Local planning authorities may choose to apply a lower threshold of 5-units or less to development in designated rural areas being areas as described undersection 157 of the Housing Act 1985, which includes National Parks and Areas of Outstanding Natural Beauty. No affordable housing or tariff-style contributions should then be sought from these developments.Where this lower threshold is applied, local planning authorities should only seek affordable housing contributions from developments of between 6 to 10-units as financial contributions and not affordable housing units on site. Any payments made (whether as an affordable housing contribution or contribution to a pooled funding pot for general infrastructure provision) should also be commuted until after completion of units within the development.Revision date: 28 11 2014See revisionsParagraph: 019 Reference ID: 23b-019-20141128
What is the procedure for claiming a commuted contribution under a planning obligation?
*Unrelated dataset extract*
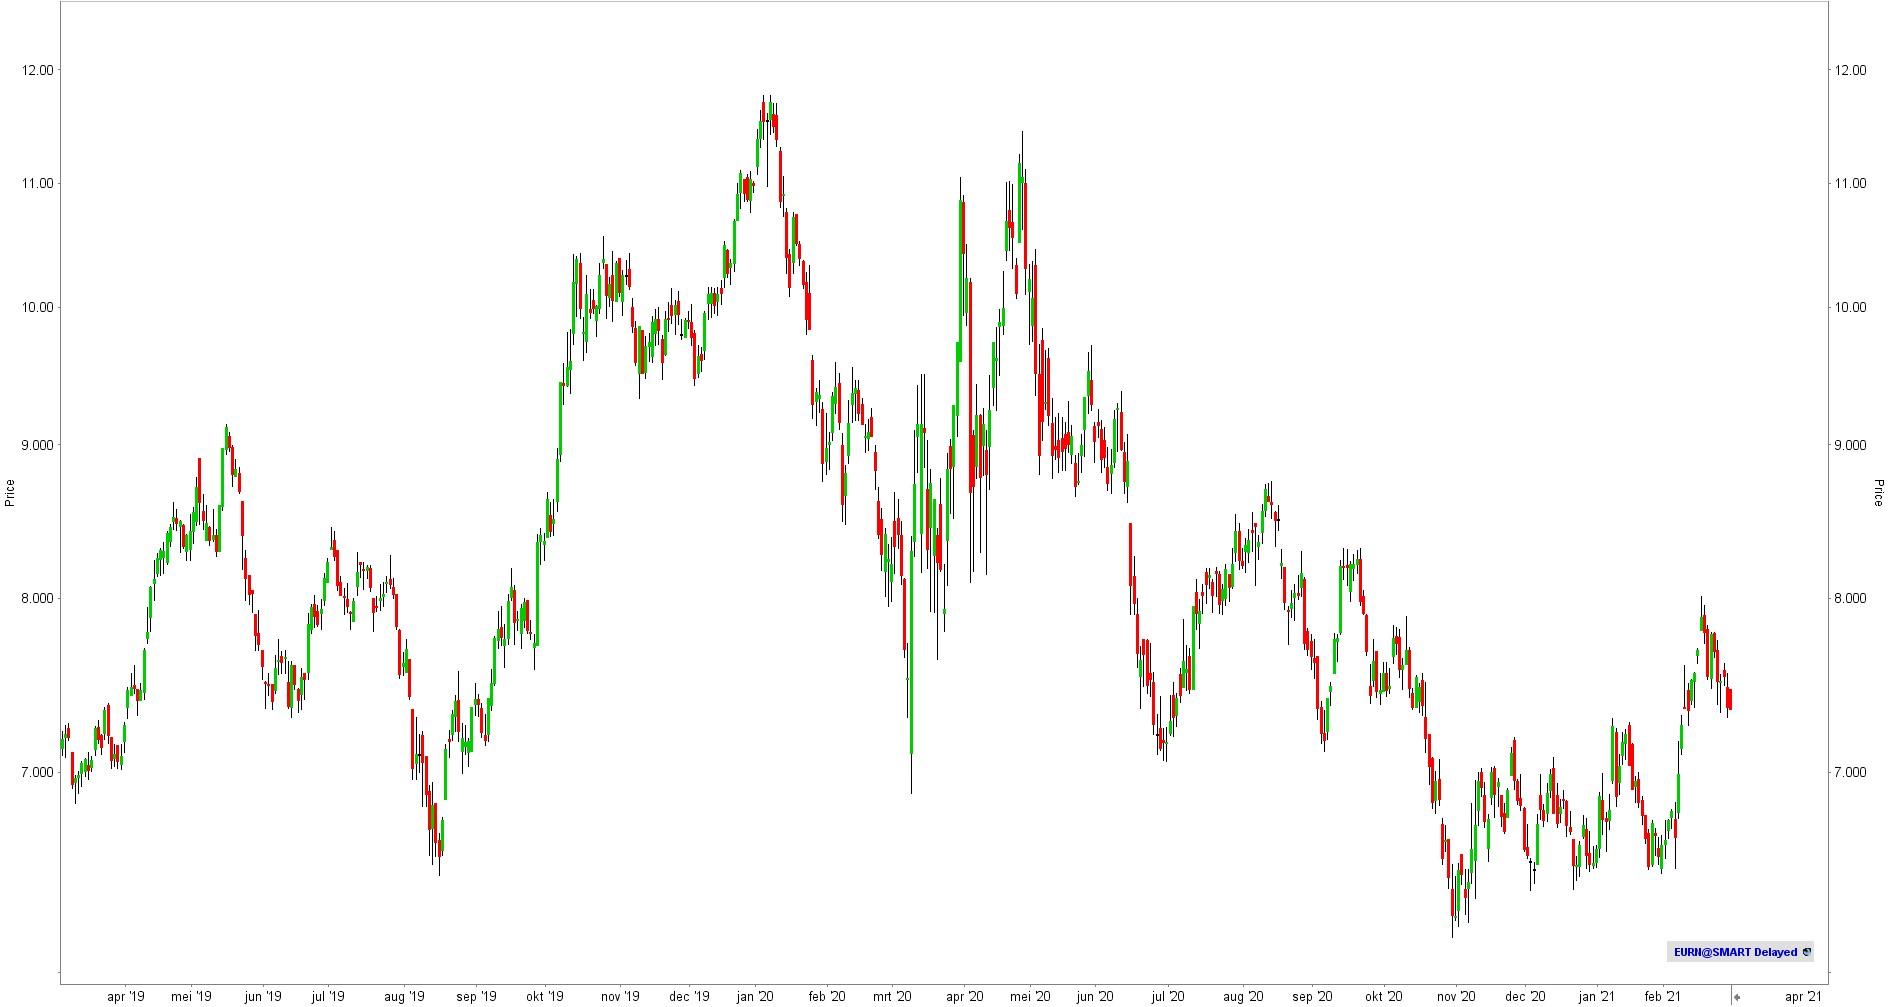 Koers aandeel euronav

The terms of commuted contributions should form part of the discussions between a developer and a local planning authority and be reflected in any planning obligations agreement. Agreements should include clauses stating when the local planning authority should be notified of the completion of units within the development and when the funds should be paid. Both parties may wish to use the issue of a building regulations compliance certificate (called a completion certificate when given by a local authority and a final certificate when given by an approved inspector) as a trigger for payment.Revision date: 28 11 2014Paragraph: 020 Reference ID: 23b-020-20141128
Does this mean that no planning obligations can be sought for development under these 5 or 10-unit thresholds?
Some planning obligations may still be required to make a development acceptable in planning terms. For sites where a threshold applies, planning obligations should not be sought to contribute to affordable housing or to pooled funding ‘pots’ intended to fund the provision of general infrastructure in the wider area. Authorities can still seek obligations for site specific infrastructure – such as improving road access and the provision of adequate street lighting – where this is appropriate, to make a site acceptable in planning terms. They may also seek contributions to fund measures with the purpose of facilitating development that would otherwise be unable to proceed because of regulatory or EU Directive requirements.Revision date: 28 11 2014Paragraph: 021 Reference ID: 23b-021-20141128
What is the vacant building credit?
Where a vacant building is brought back into any lawful use, or is demolished to be replaced by a new building, the developer should be offered a financial credit equivalent to the existing gross floorspace of relevant vacant buildings when the local planning authority calculates any affordable housing contribution which will be sought. Affordable housing contributions would be required for any increase in floorspace.Revision date: 28 11 2014Paragraph: 022 Reference ID: 23b-022-20141128
What is the process for determining the vacant building credit?Where there is an overall increase in floorspace in the proposed development, the Local Planning Authority should calculate the amount of affordable housing contributions required from the development as set out in their Local Plan. A ‘credit’ should then be applied which is the equivalent of the gross floorspace of any relevant vacant buildings being brought back into use or demolished as part of the scheme and deducted from the overall affordable housing contribution calculation.Revision date: 28 11 2014
Paragraph: 023 Reference ID: 23b-023-20141128
Does the vacant building credit apply to any vacant building being brought back into use?
The vacant building credit applies where the building has not been abandoned.